Friday, December 18, 2009

Ambrose Horne meets Aleister Crowley

From the journal of Ambrose Horne. Undated entry.Among the less salubrious characters to have crossed my path over the years, but certainly one of the most fascinating as well, was a gentleman known to modern infamy as Aleister Crowley.

How our mighty Empire quaked and trembled at the pronouncements he made – “the wickedest man in England,” he was called, and it was a styling that he tried devilishly hard (pun intended) to justify. Indeed, in death as much as life, “Old Badger Jowels,” as he was known to many of his acquaintances, has exerted so malign and malevolent an influence on the culture of our country that I was fascinated to learn that a moving picture presentation of his posthumous activities had been prepared by Julian Doyle, the great cinematographic impresario; and intrigued to discover that the Actor Simon Cowell was to play Crowley.


Intrigued, because Mr Cowell is possessed of a voice of almost Dickensian sonority and strength. Whereas, even in the prime of youth, Crowley was saddled with a thin, nasally voice, that of an ancient man towards the end of his life still trying to fill his listeners with dread and awe, but actually sounding more like a little old lady buying cat food at the marketplace. “I’ll have three pounds of tripe, please, and by the way, I am the beast.”

It was all a long, long way from the commanding tone of his literary work.

The Chemical Wedding, or Crowley as it was retitled for distribution in the American colonies, has been roundly abused in Thelemic (and beyond) circles for offering up an utterly flawed portrait of Mr Beast and his doings. Which to my mind is a worthy response, although when one considers the circumstances of his manifestation in the first place (an American scientist relocates to Cambridge University with a machine capable of transplanting the personality of one man into the body of another), surely the nature of that personality is one of the last things one should worry oneself about?
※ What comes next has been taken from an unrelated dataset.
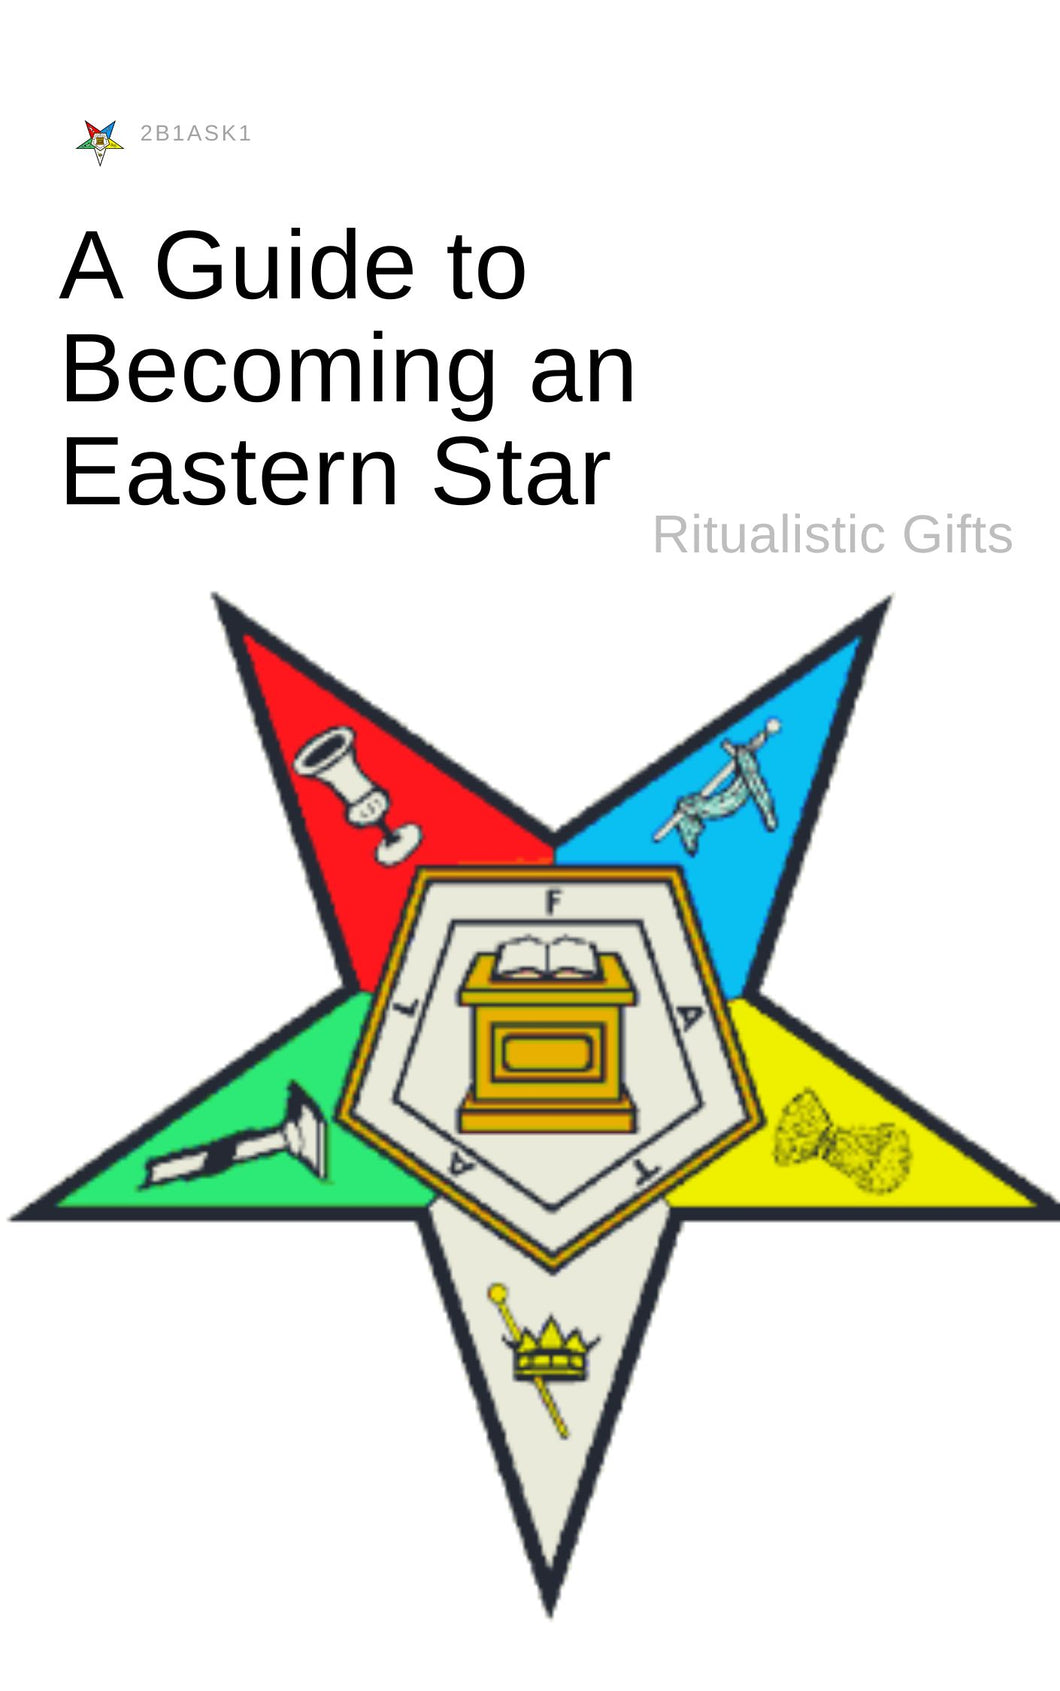 A Guide on Becoming an Eastern Star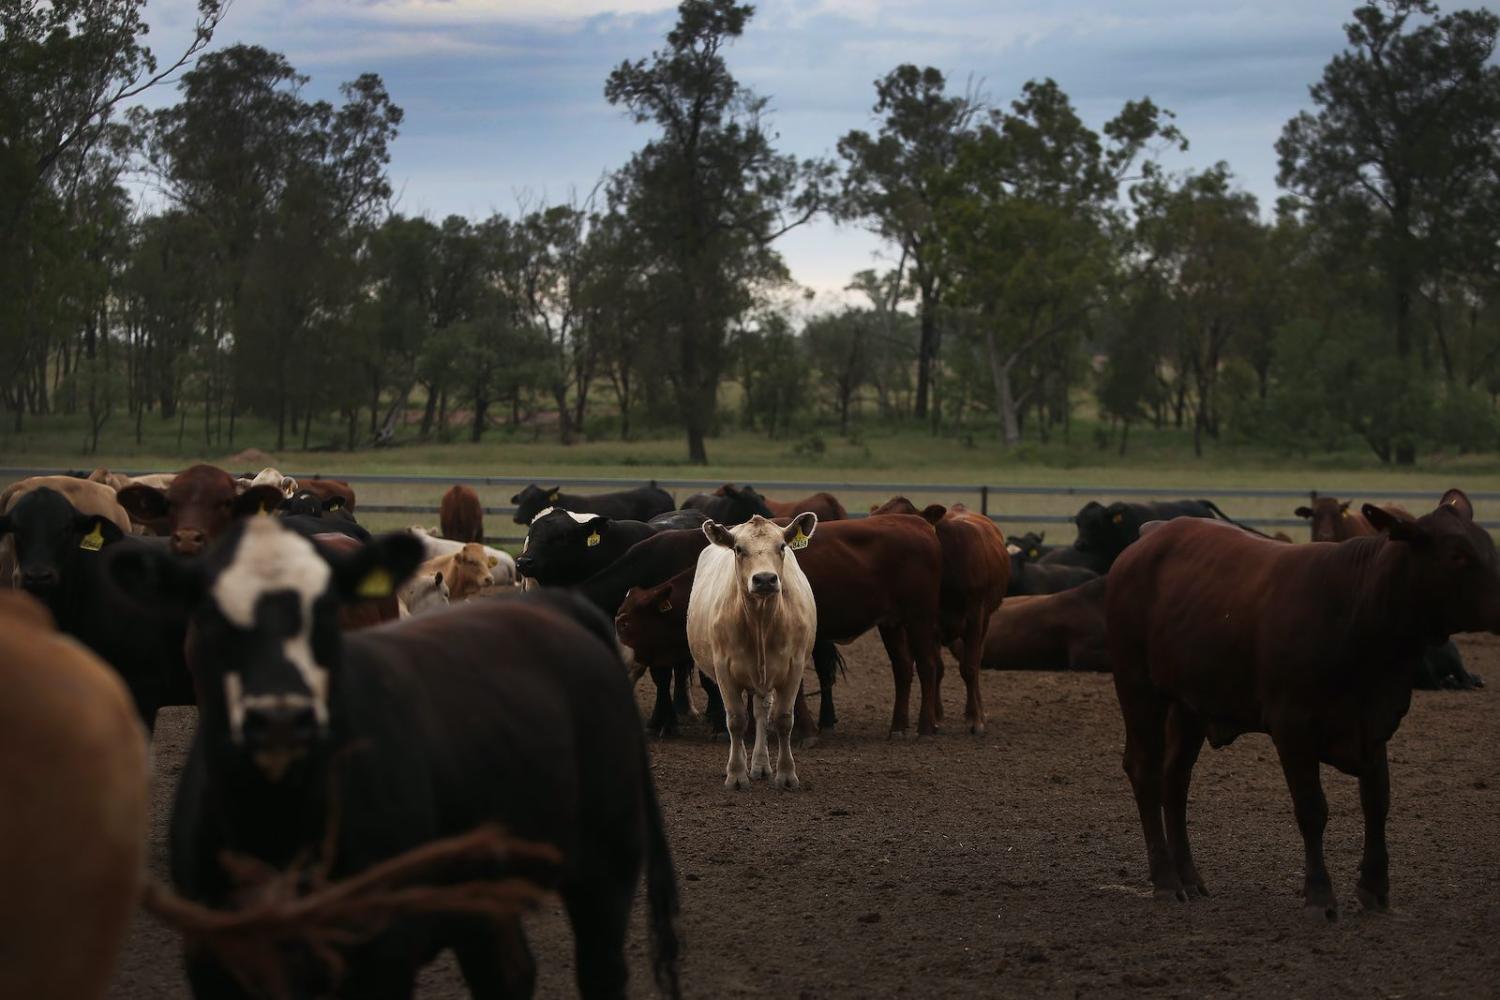 Four Daughters cattle farm in western Queensland, whose owners shifted its business model to adapt to China’s export sanctions (Lisa Maree Williams/Getty Images)

In fact, the writers… one of whom is Bruce Dickinson, vocalist with the popular singing troupe Iron Maiden… do have a reasonable understanding of the basics of Crowley, which they combine with a pronounced taste for some of his more esoteric rituals and habits. The ferocious blood letting and debauchery that follows the man’s “reincarnation” certainly slots into the personal mythos that Crowley himself was responsible for. As any fool could inform you, if you tell enough people that you’re the most evil man in the world (or the greatest Baker Street-based detective, for that matter) and you’re always going to find a imbecilic few who believe you. The fact that Crowley was also a keen mountaineer and an avid chess player do not enter into that particular equation… although the latter is included among the plethora of minor visual and nomenclatural puns that litter the presentation.

The plot itself is largely concerned with the search for the Scarlet Woman who will complete Crowley’s reincarnation within the body of a blundering, stutter-prone academic – a reference, of course, to Crowley’s own Goddess of Abominations, Babalon. Some time, and several false alarms bedevil him before he successfully encounters her, although it is the most damnable misfortune that sees him select a woman who has just fallen into the arms of the same resourceful American scientist who invented the machine in the first place. So the end of the movie is rarely in doubt, but for 107 minutes beforehand, we revel in a swirlingly chaotic blend of Crowleyana in all its muddled madness, black humor jousting with sadistic nastiness, and enough historical in-jokes to fill a box of fortune cookies. Which, I fear, will never be enough to satisfy the appetites of the Thelemic community but like or loathe the end result, we take solace from one immutable fact. They wouldn’t have correctly recreated his voice, either.